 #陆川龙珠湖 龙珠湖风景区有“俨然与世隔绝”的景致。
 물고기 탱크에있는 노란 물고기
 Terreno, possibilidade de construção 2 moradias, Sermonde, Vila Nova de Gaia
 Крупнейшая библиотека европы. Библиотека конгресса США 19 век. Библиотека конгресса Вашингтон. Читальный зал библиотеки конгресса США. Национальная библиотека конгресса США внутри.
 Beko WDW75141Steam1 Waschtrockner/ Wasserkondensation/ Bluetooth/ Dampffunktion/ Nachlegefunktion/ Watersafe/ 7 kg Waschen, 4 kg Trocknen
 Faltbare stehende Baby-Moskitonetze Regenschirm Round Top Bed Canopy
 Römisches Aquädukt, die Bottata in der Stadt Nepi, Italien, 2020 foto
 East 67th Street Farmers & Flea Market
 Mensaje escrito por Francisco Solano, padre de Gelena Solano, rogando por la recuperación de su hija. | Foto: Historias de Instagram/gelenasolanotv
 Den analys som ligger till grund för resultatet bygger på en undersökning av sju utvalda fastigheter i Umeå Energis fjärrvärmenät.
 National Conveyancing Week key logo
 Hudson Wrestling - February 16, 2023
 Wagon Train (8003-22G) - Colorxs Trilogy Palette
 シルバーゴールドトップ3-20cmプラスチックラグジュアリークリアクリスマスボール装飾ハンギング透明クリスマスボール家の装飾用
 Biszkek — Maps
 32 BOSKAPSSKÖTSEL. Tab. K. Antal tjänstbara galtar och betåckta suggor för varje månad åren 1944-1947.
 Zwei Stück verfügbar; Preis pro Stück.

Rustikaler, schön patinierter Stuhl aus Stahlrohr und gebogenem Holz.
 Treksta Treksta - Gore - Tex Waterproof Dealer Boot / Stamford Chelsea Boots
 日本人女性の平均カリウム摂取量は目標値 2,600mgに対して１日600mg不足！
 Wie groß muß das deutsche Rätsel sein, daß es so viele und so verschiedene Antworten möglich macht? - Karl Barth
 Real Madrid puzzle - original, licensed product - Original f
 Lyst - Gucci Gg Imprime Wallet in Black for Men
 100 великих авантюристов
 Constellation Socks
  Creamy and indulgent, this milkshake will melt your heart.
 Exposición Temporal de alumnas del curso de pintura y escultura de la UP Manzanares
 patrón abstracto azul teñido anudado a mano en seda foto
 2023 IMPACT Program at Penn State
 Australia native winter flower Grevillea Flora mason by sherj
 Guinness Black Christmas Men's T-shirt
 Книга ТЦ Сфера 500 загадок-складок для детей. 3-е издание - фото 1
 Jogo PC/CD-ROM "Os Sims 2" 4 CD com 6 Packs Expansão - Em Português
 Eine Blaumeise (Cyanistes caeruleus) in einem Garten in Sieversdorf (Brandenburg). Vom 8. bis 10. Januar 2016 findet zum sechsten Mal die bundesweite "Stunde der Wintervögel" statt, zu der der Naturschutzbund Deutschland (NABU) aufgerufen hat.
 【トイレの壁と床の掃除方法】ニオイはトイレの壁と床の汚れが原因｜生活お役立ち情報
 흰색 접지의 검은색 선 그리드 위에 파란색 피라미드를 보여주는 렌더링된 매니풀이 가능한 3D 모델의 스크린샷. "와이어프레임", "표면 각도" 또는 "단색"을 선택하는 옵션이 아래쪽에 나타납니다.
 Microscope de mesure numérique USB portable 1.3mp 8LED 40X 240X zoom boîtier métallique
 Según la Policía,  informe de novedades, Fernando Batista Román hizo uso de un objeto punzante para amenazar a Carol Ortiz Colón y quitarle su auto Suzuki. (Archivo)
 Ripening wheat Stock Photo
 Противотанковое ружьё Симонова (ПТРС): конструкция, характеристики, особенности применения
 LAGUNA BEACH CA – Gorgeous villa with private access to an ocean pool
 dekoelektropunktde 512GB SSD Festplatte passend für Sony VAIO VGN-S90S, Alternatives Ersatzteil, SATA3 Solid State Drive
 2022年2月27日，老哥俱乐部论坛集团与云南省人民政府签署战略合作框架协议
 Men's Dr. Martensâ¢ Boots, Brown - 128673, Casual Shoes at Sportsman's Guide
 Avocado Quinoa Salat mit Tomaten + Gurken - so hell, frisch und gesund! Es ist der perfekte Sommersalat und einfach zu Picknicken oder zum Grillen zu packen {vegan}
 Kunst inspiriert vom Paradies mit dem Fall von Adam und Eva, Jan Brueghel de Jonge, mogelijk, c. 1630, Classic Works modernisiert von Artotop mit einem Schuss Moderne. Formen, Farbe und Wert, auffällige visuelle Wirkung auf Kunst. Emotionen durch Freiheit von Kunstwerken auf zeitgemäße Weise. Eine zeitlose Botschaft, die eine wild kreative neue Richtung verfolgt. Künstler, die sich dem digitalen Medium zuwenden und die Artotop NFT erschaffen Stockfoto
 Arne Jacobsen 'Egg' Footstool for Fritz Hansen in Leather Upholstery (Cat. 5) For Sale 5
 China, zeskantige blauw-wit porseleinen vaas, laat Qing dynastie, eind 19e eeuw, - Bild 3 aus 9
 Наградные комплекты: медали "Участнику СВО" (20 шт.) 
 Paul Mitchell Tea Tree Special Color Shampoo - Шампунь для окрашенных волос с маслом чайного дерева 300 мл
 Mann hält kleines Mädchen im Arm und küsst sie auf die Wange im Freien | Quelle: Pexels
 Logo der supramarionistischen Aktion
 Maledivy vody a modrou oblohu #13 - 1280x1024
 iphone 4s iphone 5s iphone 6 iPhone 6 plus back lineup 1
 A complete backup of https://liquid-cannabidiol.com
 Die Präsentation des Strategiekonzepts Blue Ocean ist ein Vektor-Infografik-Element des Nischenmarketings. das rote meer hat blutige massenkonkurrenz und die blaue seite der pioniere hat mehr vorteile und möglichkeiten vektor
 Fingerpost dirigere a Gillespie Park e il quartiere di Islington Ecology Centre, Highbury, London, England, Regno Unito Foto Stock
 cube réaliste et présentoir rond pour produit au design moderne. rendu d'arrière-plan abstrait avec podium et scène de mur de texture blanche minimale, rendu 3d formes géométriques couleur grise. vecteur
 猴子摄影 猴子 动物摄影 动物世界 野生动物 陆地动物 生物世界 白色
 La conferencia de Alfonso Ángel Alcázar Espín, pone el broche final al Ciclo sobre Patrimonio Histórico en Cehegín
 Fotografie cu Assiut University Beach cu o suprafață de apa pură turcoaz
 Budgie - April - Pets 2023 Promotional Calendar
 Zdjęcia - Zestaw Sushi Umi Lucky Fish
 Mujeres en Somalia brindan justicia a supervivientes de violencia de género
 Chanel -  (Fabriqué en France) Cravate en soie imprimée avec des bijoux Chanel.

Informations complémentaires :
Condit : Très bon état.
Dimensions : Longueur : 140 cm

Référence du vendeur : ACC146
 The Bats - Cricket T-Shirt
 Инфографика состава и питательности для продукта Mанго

----------------

Task instructions: Using the listing above, return word for word each line from the one that has "East 67th Street Farmers & Flea Market" through the one that has "- Em Português", and no line outside that range.

Your response:
 East 67th Street Farmers & Flea Market
 Mensaje escrito por Francisco Solano, padre de Gelena Solano, rogando por la recuperación de su hija. | Foto: Historias de Instagram/gelenasolanotv
 Den analys som ligger till grund för resultatet bygger på en undersökning av sju utvalda fastigheter i Umeå Energis fjärrvärmenät.
 National Conveyancing Week key logo
 Hudson Wrestling - February 16, 2023
 Wagon Train (8003-22G) - Colorxs Trilogy Palette
 シルバーゴールドトップ3-20cmプラスチックラグジュアリークリアクリスマスボール装飾ハンギング透明クリスマスボール家の装飾用
 Biszkek — Maps
 32 BOSKAPSSKÖTSEL. Tab. K. Antal tjänstbara galtar och betåckta suggor för varje månad åren 1944-1947.
 Zwei Stück verfügbar; Preis pro Stück.

Rustikaler, schön patinierter Stuhl aus Stahlrohr und gebogenem Holz.
 Treksta Treksta - Gore - Tex Waterproof Dealer Boot / Stamford Chelsea Boots
 日本人女性の平均カリウム摂取量は目標値 2,600mgに対して１日600mg不足！
 Wie groß muß das deutsche Rätsel sein, daß es so viele und so verschiedene Antworten möglich macht? - Karl Barth
 Real Madrid puzzle - original, licensed product - Original f
 Lyst - Gucci Gg Imprime Wallet in Black for Men
 100 великих авантюристов
 Constellation Socks
  Creamy and indulgent, this milkshake will melt your heart.
 Exposición Temporal de alumnas del curso de pintura y escultura de la UP Manzanares
 patrón abstracto azul teñido anudado a mano en seda foto
 2023 IMPACT Program at Penn State
 Australia native winter flower Grevillea Flora mason by sherj
 Guinness Black Christmas Men's T-shirt
 Книга ТЦ Сфера 500 загадок-складок для детей. 3-е издание - фото 1
 Jogo PC/CD-ROM "Os Sims 2" 4 CD com 6 Packs Expansão - Em Português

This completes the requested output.